More takeaways from OU’s sweep of Baylor this weekend:
• Trautwein caps solid weekend in the circle: It’s always a risk taking a promising player from a smaller conference and bringing them into a power league, like the Big 12. But Hope Trautwein, who transferred from North Texas to OU this past offseason, has been all reward for Gasso’s pitching staff.
She was superb on Sunday, winning her eighth game this season and saving OU’s best pitching performance of the weekend for last.
Jordy Bahl was terrific on Friday, striking out eight and allowing just two hits and one run in her Big 12 debut. OU won 9-1.
Then Nicole May struck out five, allowed four hits but kept the Bears off the board to help OU win 8-0 on Saturday.
Trautwein had to go all seven but never seemed fazed by the adversity.
“The top of their lineup is tough. They're tough outs, they swing on all planes,” Trautwein said. “Really it was trusting my stuff and trusting coach [Jennifer] Rocha to call pitches that I'm confident in. And I mean, we practice pressure like this all the time. So, it was pressure, yes. But it was something that I've been able to come out on top of and so I wasn't really sweating it too much.
“I was sweating,” she continued matter of factly, “but I wasn't really sweating.”
• Clutch moment for Hansen: OU catcher Kinzie Hansen has been dealing with a knee bruise, which has kept her out of the Sooners’ lineup lately.
Gasso recognized Lynnsie Elam has stepped up in a major way to fill the void of one of college softball’s best hitters. But Hansen had her moment Sunday afternoon, getting on base late in the seventh inning when the Sooners were lacking offensive momentum.

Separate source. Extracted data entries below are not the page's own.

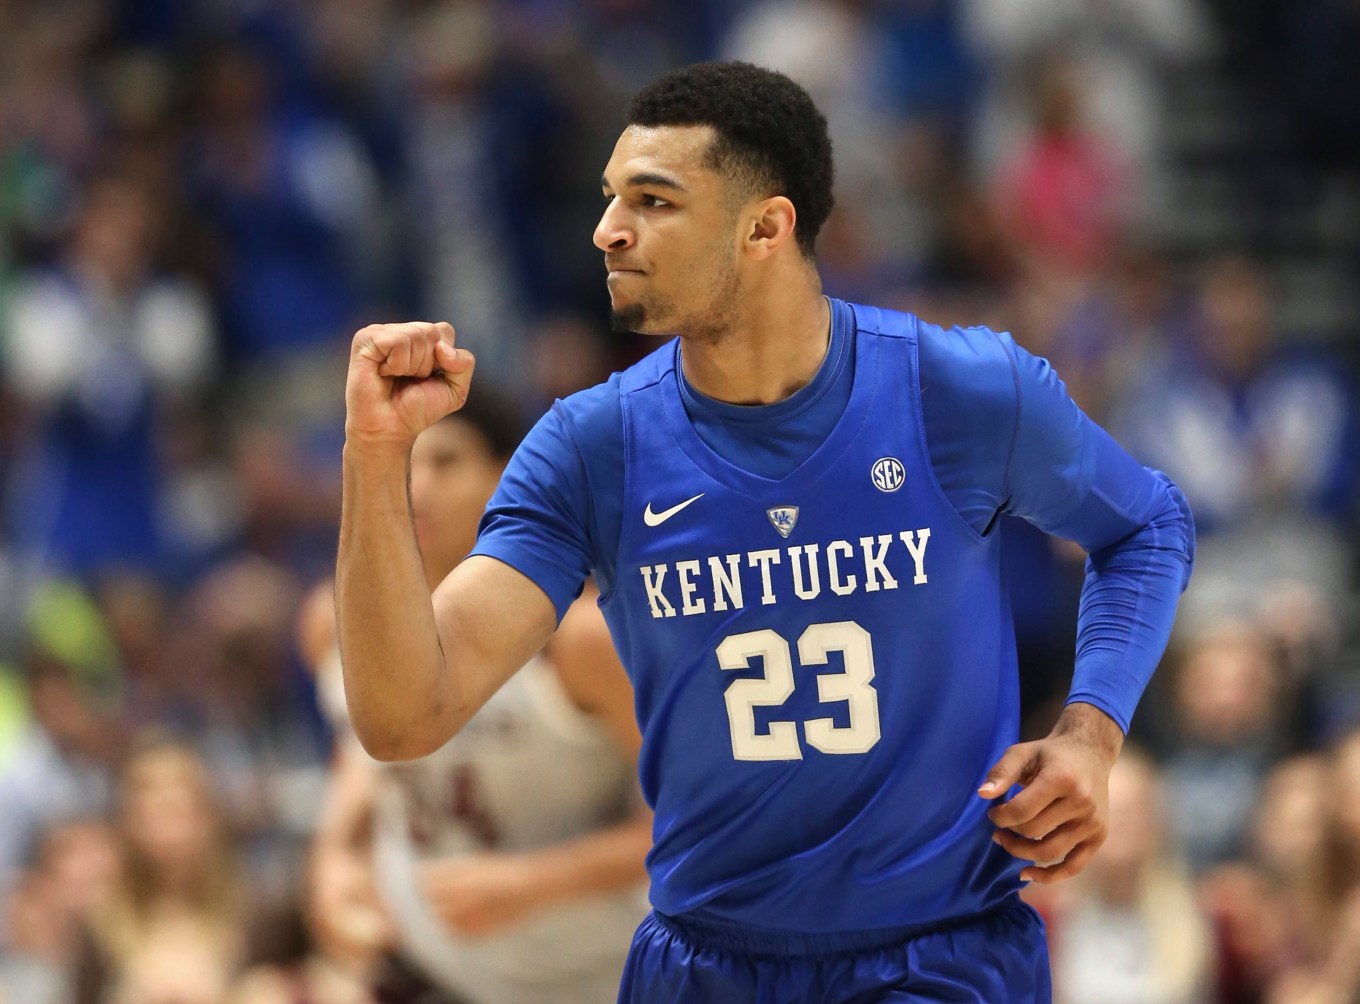 Kentucky's Jamal Murray (23) celebrates after a basket against Texas A&M during the first half of an NCAA college basketball game in the championship of the Southeastern Conference tournament in Nashville, Tenn., Sunday, March 13, 2016. (AP Photo/John Bazemore)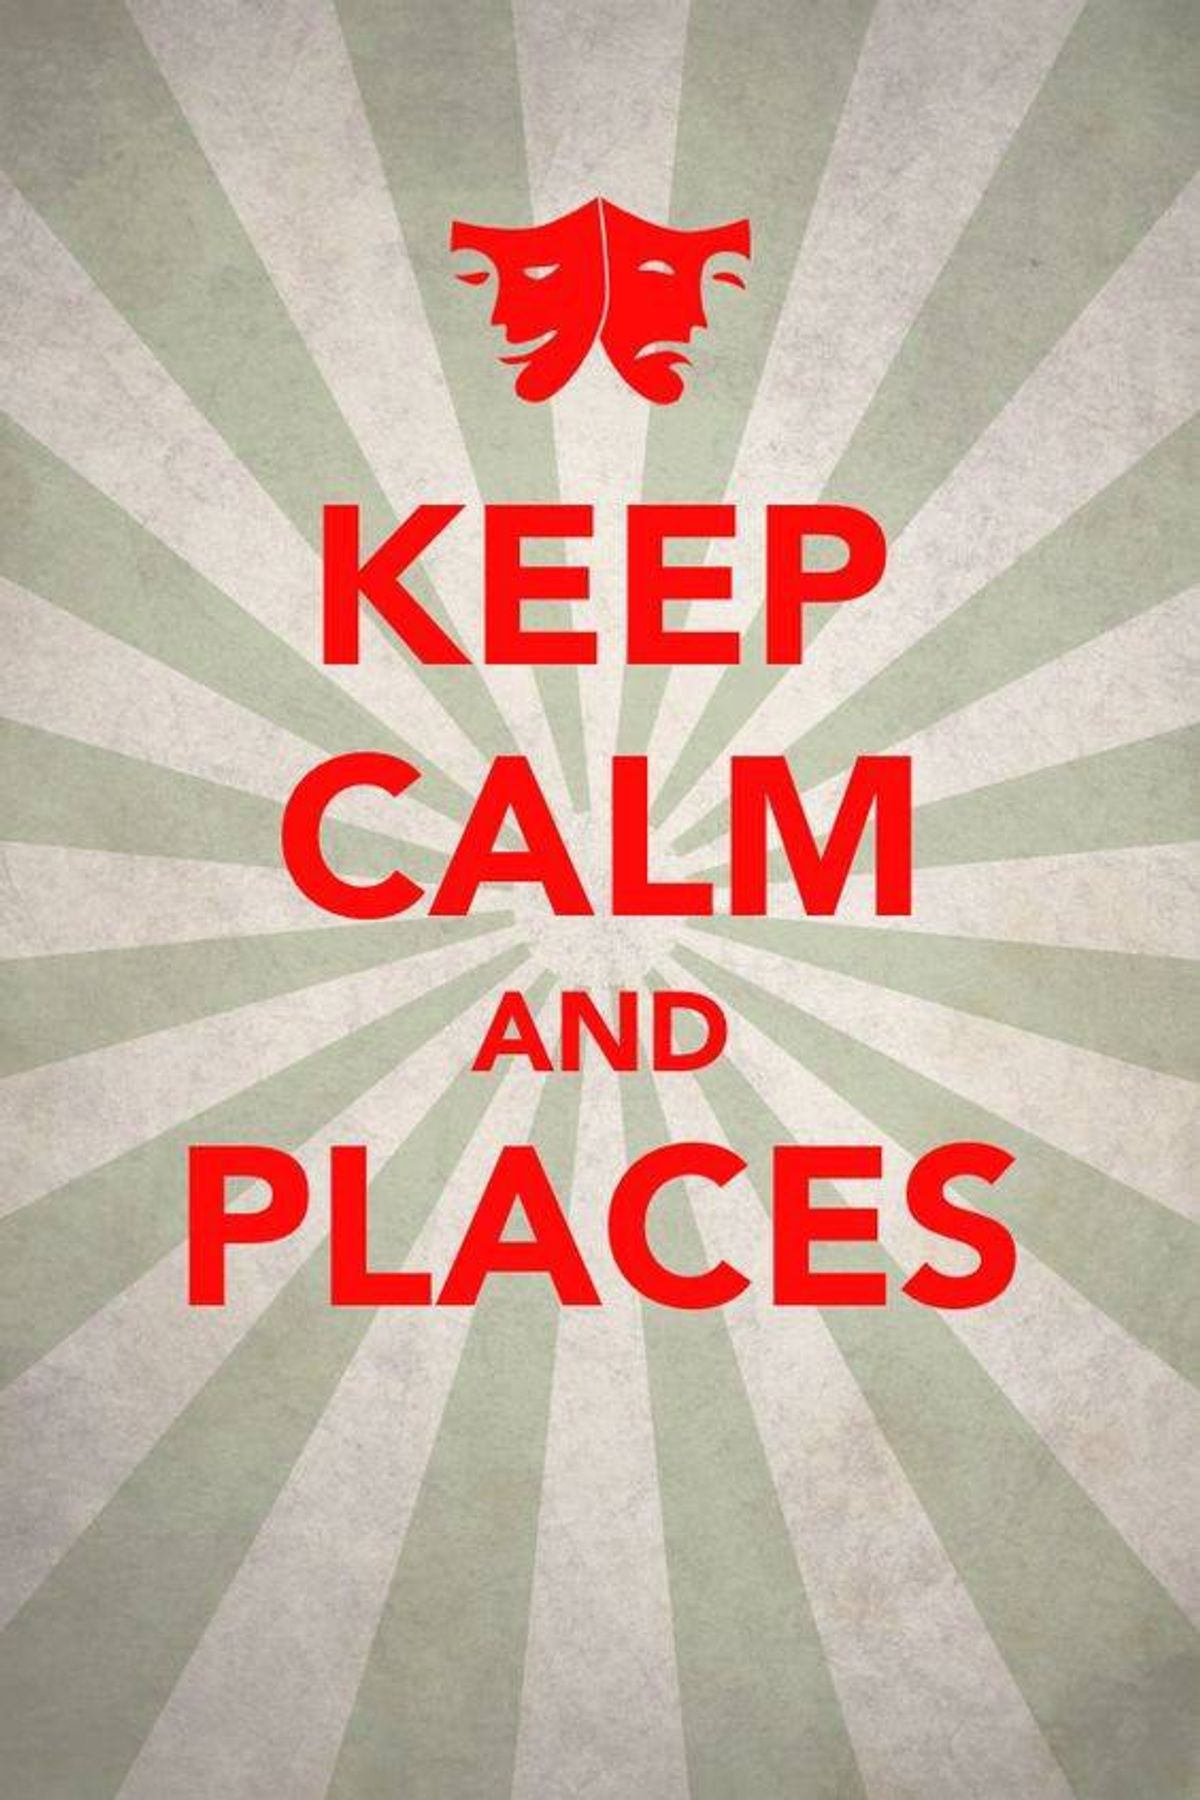 Places!: It's More Than Just A Word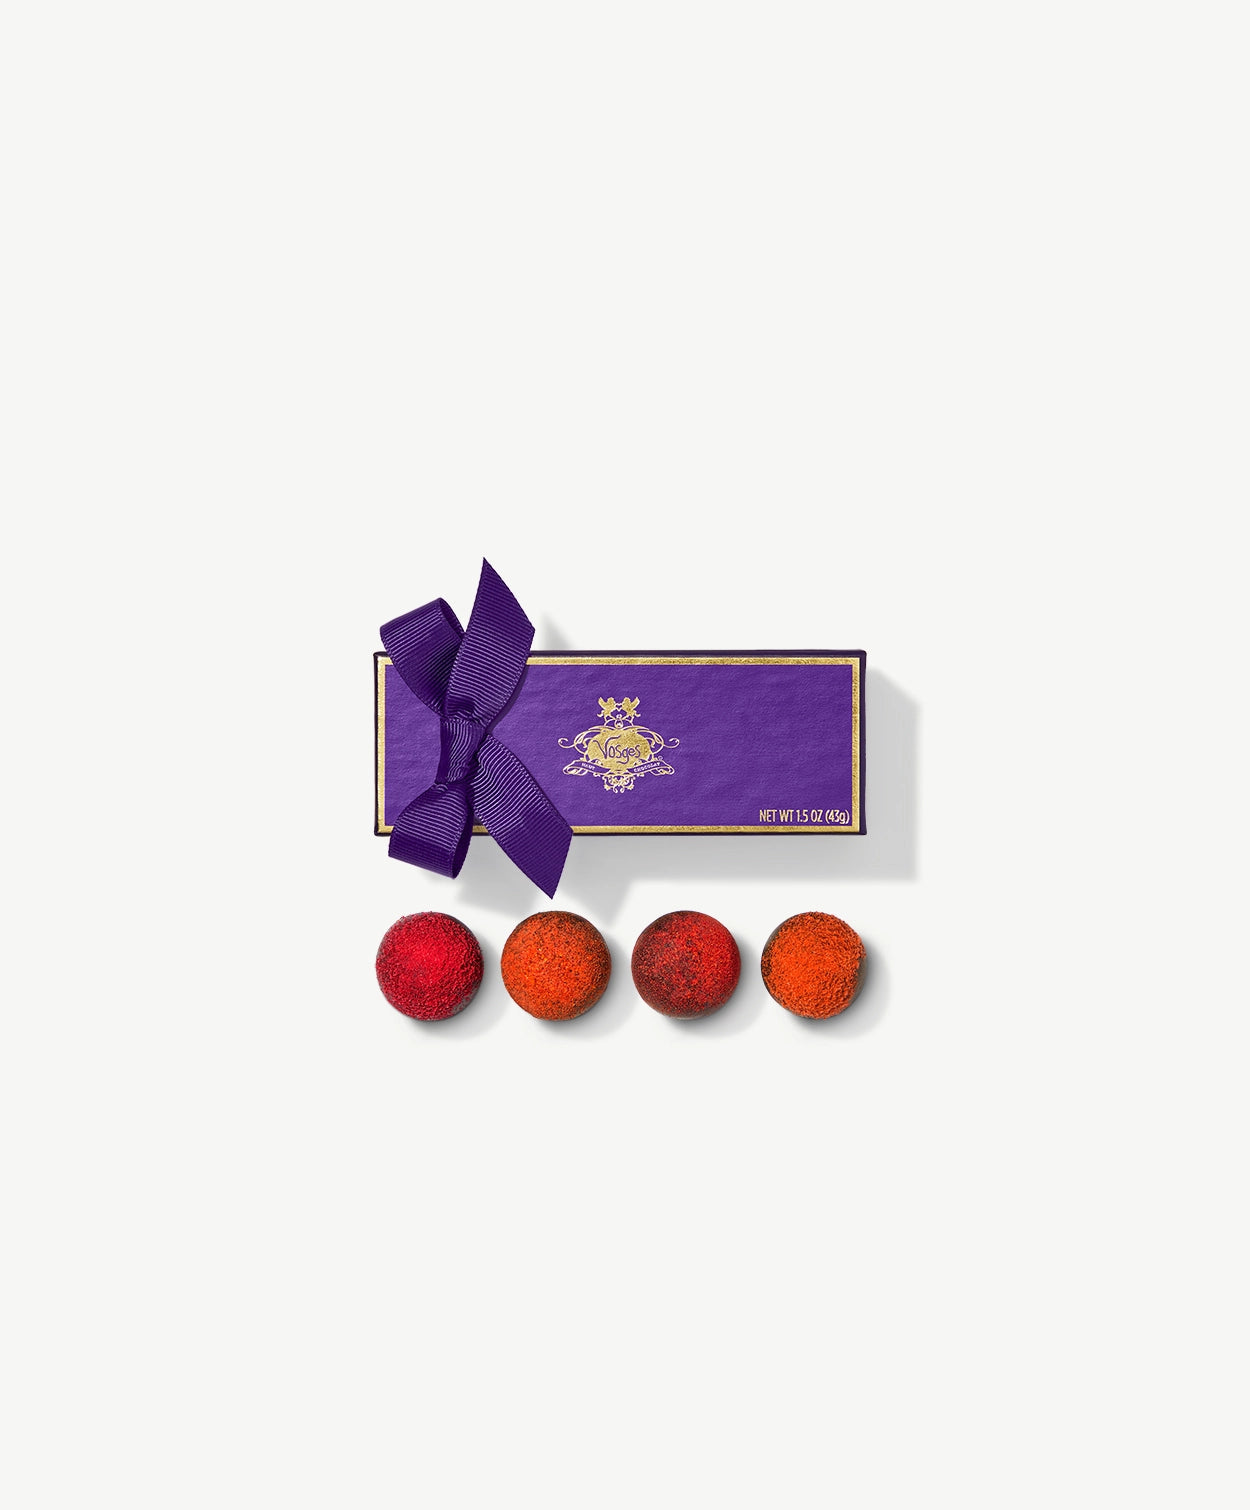 Four Vosges Vegan chocolate truffles adorned with vibrant red raspberry powder and orange powder sit infront a rectangular purple candy box embossed with gold foil tied with a purple ribbon bow on a grey background.

“Is she 100%? Not quite,” Gasso said of Hansen. “Offensively, though, I feel very good about her. It's hard to beat Kinzie Hanson, and I just felt like it was worth the opportunity to give her something.”
Hansen enjoyed just one at-bat Sunday but drilled a single to right field with OU trailing 1-0 and down to its final out. Makenzie Donihoo followed up Hansen's clutch hit with a single of her own. Jennings, who as I mentioned wasn’t feeling too shaky in a pressure-packed moment, then plated the two with her walk-off home run.
“I think our mentality was the same pretty much the whole game,” Jennings said. “Credit to [Baylor pitcher Dariana] Orme. She threw a great game, but we were on top of it the whole game. Mentality-wise, we were in it the entire game.”

• Honoring a legend: You might have noticed the initials “JJ” on the right side of the visor Gasso wore on Sunday.
The letters were a tribute to Joan Joyce, who died Saturday at the age of 81.
“She was like the Babe Ruth of softball,” Gasso said. “Hitter. pitcher. LPGA professional golfer. Incredible athlete. … She brought so much life to the game.”
Yes, Joyce was an accomplished softball player and golfer. But she also played on the United States' national women's basketball team and played and coach volleyball.
Joyce recently picked up her 1,0000th win as a college softball coach, spending the last 28 years with Florida Atlantic as the program’s first and only skipper.
Gasso recognized Joyce was one of the greatest players in softball's history. Hard to argue with all the records Joyce set over her playing career. Even harder to argue, considering she struck out Baseball Hall of Famer Ted Williams in an exhibition in 1961.
She was that good.
• Quotable: I asked Gasso how she feels her team is handling adversity, compared to previous years, and this was her response:
“They are managing their feelings, their emotions and their at-bats very, very well. I like that. I like to see them doing that. It could be easy to walk up there and go down 1-2-3. If you're scared, if you're afraid that you're gonna lose, that's what it looks like. If you’re playing to win, you're battling like what you saw [Sunday] and that is the beauty of the ending.”
• Next: The Sooners are back at Marita Hynes Field at 6 p.m. Tuesday. OU hosts Wichita State before a two-game home set against Alabama-Birmingham on Friday and Saturday.